Honestly we left with news that I could possibly die for having this baby. I have an enlarged aorta, and left ventricle, my heart is only pumping out about 30% when a normal heart pumps out 50%. And as I get more pregnant, this can only get worse, and my heart has to work harder and harder just to supply me and baby blood. Which could lead to having a heart attack.
I'm 30 years old, and my heart is as bad as a 70 or 80 year old who's had a heart attack. And my Doctors can't explain it. The cardiologist suggested we do a scan to see if my heart may have any clots. But this scan will expose the baby to radiation which scared the hell out of me.
Needless to say, I was a blubbering mess this whole time, I could hardly control myself trying to hold back tears. As soon as the Dr. left the room I nearly fell to the floor as my husband grabbed me and I burst into tears.
I wanted to go talk to my OB right away because the Cardiologist just couldn't answer so many of our questions. (Obviously, I am NOT his typical patient) But I was too much of a mess. I just wanted to get out of there. After going back home and letting myself have a good cry and calm down, My Mom and I did go back to see my OB to talk.

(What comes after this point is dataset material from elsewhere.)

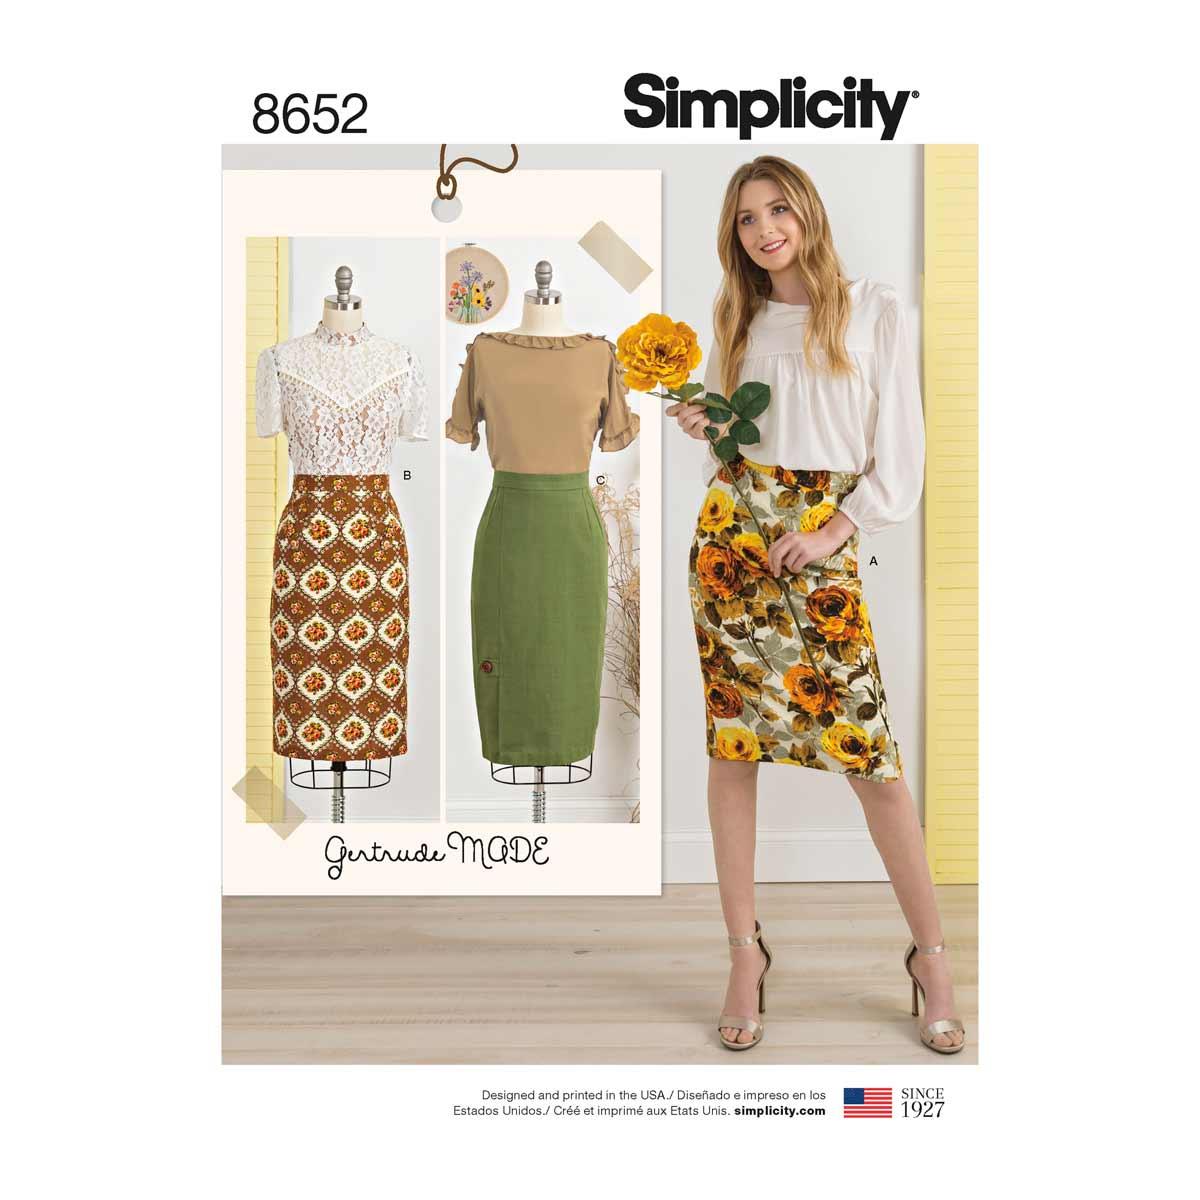 Simplicity Sewing Patterns Gertrude Made Womens Pencil Skirts Simplicity Sewing Pattern 8652

Luckily, he made everything less grim. I went from thinking "Ok, it's me or the baby" to him telling me I have a 1% chance of dying here. Right now, the baby is fine, aside from her kidney (Nephrohydrosis), but we don't know everything yet. Her heartbeat is normal, I still feel her moving daily. Still haven't gotten her genetics test back yet, even though they said we'd get it yesterday by 5 pm.
So for now, I'm back on my BP meds, taking my blood pressure daily. I cannot have any strenuous activity. I need to keep stress and anxiety down (so easy right?) and I need to keep my sodium down. For the birth they want me induced early, and I have to have an Epidural, which I HATE, but apparently it will keep my heart rate down, and keep me from cardiac arrest. So in that case, how can I argue? I need to have some more tests done, and go back to the Cardiologist in a month. I see my OB again in a week for more ultrasounds and talk more about my heart since when I saw him he didn't get a chance to talk to the Cardiologist yet about my results.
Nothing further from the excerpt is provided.